Detailed breakdown of all 5 null annotations:
ReLiSyR-MND in vivo review (2 annotations)¶
Question: "What is the drug being tested?" — study-level, root, user-created AnswerArray question.
| Study | Annotator | Annotation Created (UTC) | Session Created (UTC) | Notes |
|---|---|---|---|---|
| The AMPA receptor antagonist NBQX prolongs survival in a transgenic mouse model of ALS | jennagregory488@gmail.com | 2017-06-26 21:14 | 2017-06-26 21:14 | (none) |
| Effect of physical exercise and anabolic steroid treatment on spinal motoneurons and surrounding glia of wild-type and ALS mice | malcolm.macleod@ed.ac.uk | 2017-08-25 17:57 | 2017-08-25 17:57 | (none) |
Separating surgery from stroke... (2 annotations)¶
Question: "Why have you excluded this study?" — study-level, root, user-created AnswerArray question.
| Study | Annotator | Annotation Created (UTC) | Session Created (UTC) | Notes |
|---|---|---|---|---|
| Magnetic resonance tracking of transplanted stem cells in rat brain and spinal cord | tyrafraser16@gmail.com | 2019-02-12 02:55 | 2019-02-12 02:55 | (none) |
| Compartmentation of acid-base balance in brain during complete ischemia | ash.russell@utas.edu.au | 2019-05-01 05:15 | 2019-05-01 05:15 | (none) |
little DOMS (1 annotation)¶
Question: "Pdf Graphs" — outcome-level subquestion, hidden system question.

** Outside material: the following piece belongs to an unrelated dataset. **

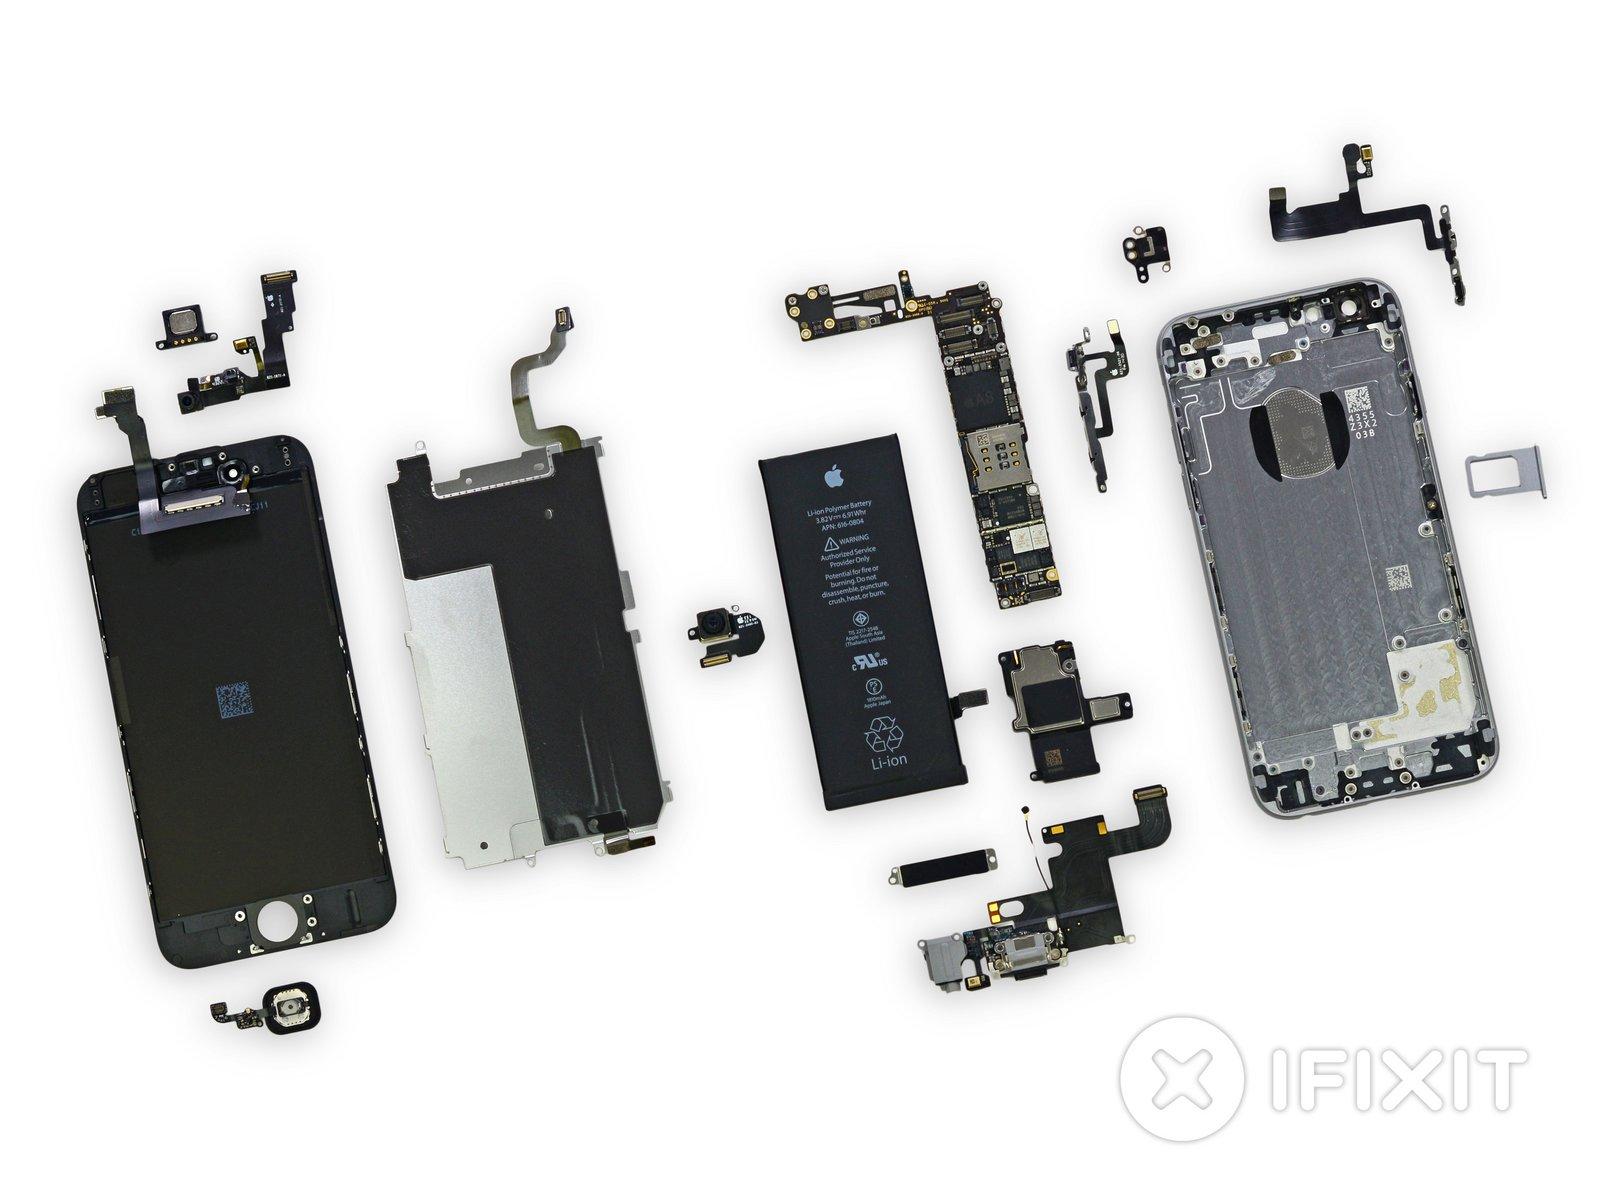 Iphone 6 Teardown Ifixit G Five Mobile Circuit Diagram

| Study | Annotator | Annotation Created (UTC) | Session Created (UTC) | Notes |
|---|---|---|---|---|
| High-fructose diet during adolescent development increases neuroinflammation and depressive-like behavior without exacerbating outcomes after stroke | wahl@amgen.com (Joachim Wahl) | 2021-10-05 11:44 | 2021-06-06 09:17 | # extracted from Fig 6a |
Key observations across all 5 records:
- The first 4 annotations (ReLiSyR-MND + surgery/stroke) use regular user-created
AnswerArrayquestions, not system-hidden ones — the null answer path isn't unique to the graph-selector frontend component. - Annotation timestamps match session timestamps (within seconds) for the first 4, indicating annotations were created in the same submission as the session. The little DOMS annotation was written 4 months after its session was created.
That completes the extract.